Caricare nuovamente la cuvetta nella scheda campione e fare clic su "start" per registrare l'assorbanza del campione. Dopo aver registrato l'assorbanza del campione, rimuovere la cuvetta e decantare il contenuto liquido in un contenitore per i rifiuti. Risciacquare accuratamente la cuvetta con tre lavaggi di acqua deionizzata, seguiti da tre lavaggi con etanolo al 70%.

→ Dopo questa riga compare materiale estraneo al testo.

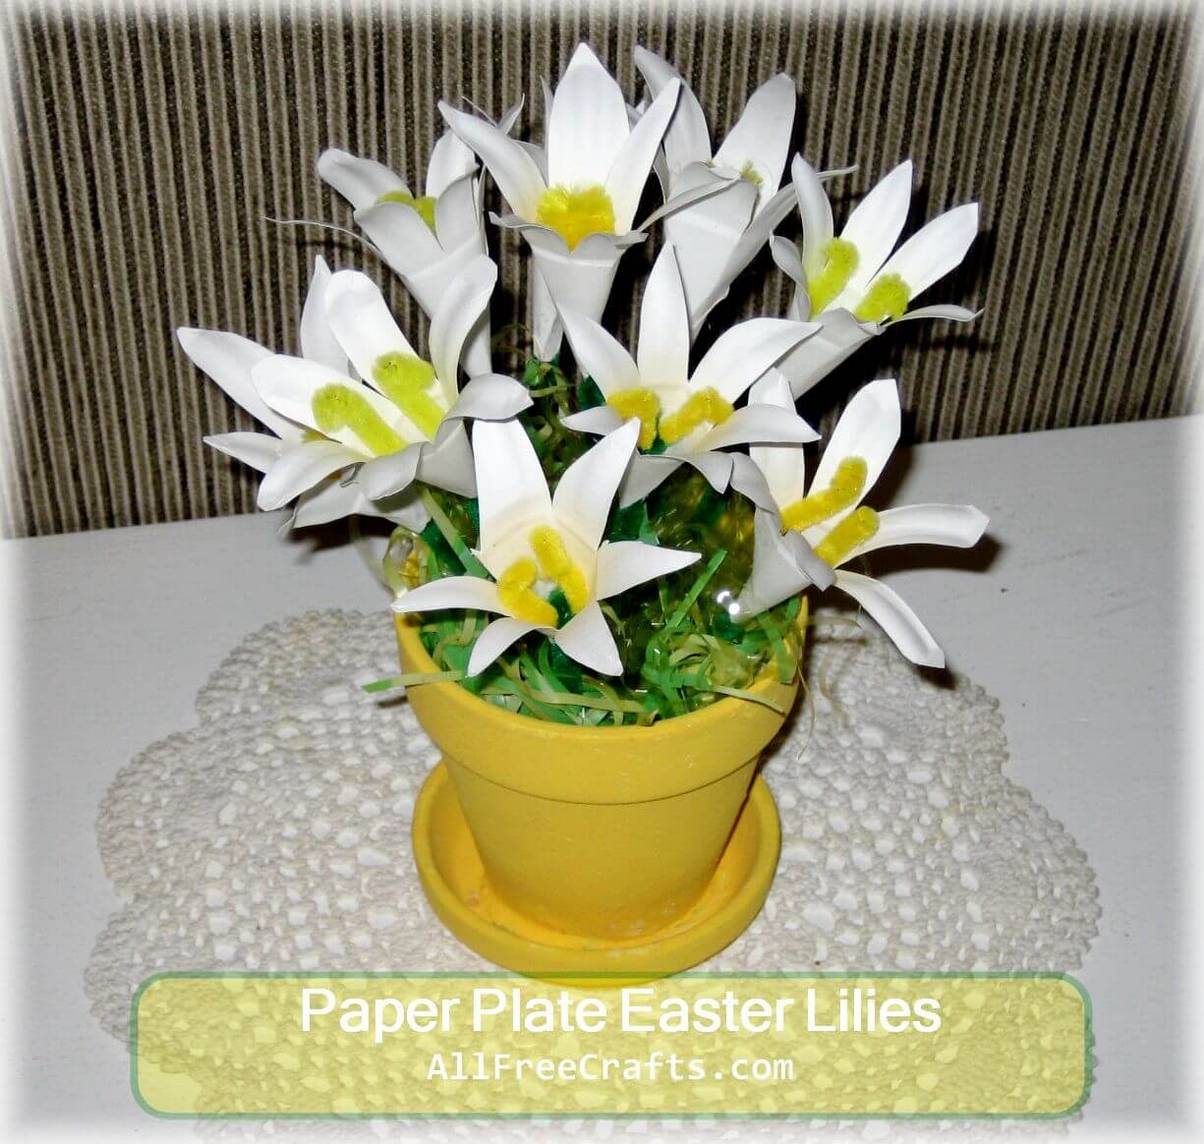 Paper Plate Easter Lilies

Per l'analisi spettrale di AmpB-Nanodisk interrotto, preparare il campione pipettando 20 microlitri di un milligrammo per millilitro di AmpB-Nanodisk stock in un millilitro di DMSO e incubare per un minuto prima di registrare lo spettro. Caricare la cuvetta nella porta anteriore del campione e fare clic su "start" per registrare l'assorbanza del campione. Per l'analisi spettrale di un bianco tampone PBS, preparare un bianco trasferendo un millilitro di PBS in due cuvette di quarzo.
Caricare le cuvette nella porta del campione. Fare clic su "vuoto automatico" e registrare lo spettro da 300 a 500 nanometri. Per l'analisi spettrale di un campione di AmpB-Nanodisk non interrotto, rimuovere la cuvetta dalla porta anteriore del campione e aggiungere 20 microlitri di un milligrammo per millilitro di campione di AmpB-Nanodisk nel buffer PBS.
Caricare nuovamente la cuvetta nella scheda campione. Fare clic su Start" e registrare lo spettro del campione. La reazione di formulazione AmpB-Nanodisk è considerata completa quando l'aspetto del campione passa da torbido a chiaro.
Viene mostrata la spettroscopia di assorbimento visibile UV di campioni di AmpB in DMSO e PBS. Nel DMSO sono stati osservati tre distinti massimi di assorbanza a 372, 392 e 415 nanometri, picchi indicativi di AmpB. Gli spettri di assorbanza dei nanodischi AmpB in PBS hanno mostrato un singolo picco di assorbanza maggiore a una lunghezza d'onda più corta.
In confronto, gli spettri di assorbanza degli AmpB-Nanodisk nel DMSO apparivano simili agli spettri degli AmpB di serie. L'attività biologica di AmpB-Nanodisks è stata eseguita valutando i saggi di inibizione della crescita del lievito. Campioni di controllo come PBS, DMSO e lipoproteine ad alta densità ricostituite hanno dimostrato che i componenti dei nanodischi diversi dall'AmpB non hanno alcun effetto visibile sulla crescita del lievito.
Il controllo positivo ha confermato che AmpB è un inibitore efficiente della crescita del lievito. Nel caso dei nanodischi AmpB, è stata osservata un'attività di inibizione della crescita dipendente dalla concentrazione. Non tutti i preparati di nanodisk sono uguali.
Alcuni possono richiedere più tempo, lipidi diversi o diverse proteine dell'impalcatura. Esse sono solo indistinguibili è la chiarificazione del campione di nanodisk. Questa tecnica ha portato a nuove nanoparticelle utilizzate per studiare la cardiotossicità indotta da doxorubicina, l'apoptosi, le interazioni dei ligandi e ha fornito numerose molecole bioattive insolubili acquose, tra cui luteina e curcumina.